→ Activity: Whenever a line of the data below holds the string "Unicorn", copy that line.

BEGIN

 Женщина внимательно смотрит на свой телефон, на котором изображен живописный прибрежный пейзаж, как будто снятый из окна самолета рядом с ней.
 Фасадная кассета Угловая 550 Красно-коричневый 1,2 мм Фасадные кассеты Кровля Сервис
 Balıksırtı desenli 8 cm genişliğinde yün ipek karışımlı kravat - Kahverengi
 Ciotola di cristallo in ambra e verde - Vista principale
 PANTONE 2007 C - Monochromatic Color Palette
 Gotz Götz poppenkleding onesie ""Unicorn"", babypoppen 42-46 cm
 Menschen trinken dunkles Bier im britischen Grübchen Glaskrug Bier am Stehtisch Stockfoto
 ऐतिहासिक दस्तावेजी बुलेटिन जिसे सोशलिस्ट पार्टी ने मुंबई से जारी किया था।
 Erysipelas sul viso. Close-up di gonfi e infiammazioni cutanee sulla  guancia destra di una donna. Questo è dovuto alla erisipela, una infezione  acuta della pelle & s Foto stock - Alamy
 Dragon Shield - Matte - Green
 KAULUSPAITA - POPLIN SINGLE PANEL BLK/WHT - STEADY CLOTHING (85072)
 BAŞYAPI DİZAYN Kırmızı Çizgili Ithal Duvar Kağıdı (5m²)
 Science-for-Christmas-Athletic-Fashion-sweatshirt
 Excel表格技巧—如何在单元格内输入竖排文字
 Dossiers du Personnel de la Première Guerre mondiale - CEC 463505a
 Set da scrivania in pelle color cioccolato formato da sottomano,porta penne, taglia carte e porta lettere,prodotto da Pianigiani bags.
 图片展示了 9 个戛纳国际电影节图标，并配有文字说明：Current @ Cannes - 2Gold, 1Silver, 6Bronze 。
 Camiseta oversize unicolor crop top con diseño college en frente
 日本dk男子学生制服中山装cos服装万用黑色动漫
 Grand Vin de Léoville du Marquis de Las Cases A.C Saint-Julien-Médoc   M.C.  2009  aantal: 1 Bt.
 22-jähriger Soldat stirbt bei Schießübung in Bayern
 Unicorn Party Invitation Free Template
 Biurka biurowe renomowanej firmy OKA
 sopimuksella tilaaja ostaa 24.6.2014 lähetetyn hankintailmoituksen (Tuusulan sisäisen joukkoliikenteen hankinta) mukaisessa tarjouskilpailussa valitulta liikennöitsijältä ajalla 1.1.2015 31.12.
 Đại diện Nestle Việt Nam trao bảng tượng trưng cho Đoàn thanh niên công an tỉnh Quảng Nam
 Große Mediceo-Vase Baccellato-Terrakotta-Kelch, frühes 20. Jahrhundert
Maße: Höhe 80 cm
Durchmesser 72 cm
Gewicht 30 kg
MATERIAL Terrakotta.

END

→ Solved exercise:
 Gotz Götz poppenkleding onesie ""Unicorn"", babypoppen 42-46 cm
 Unicorn Party Invitation Free Template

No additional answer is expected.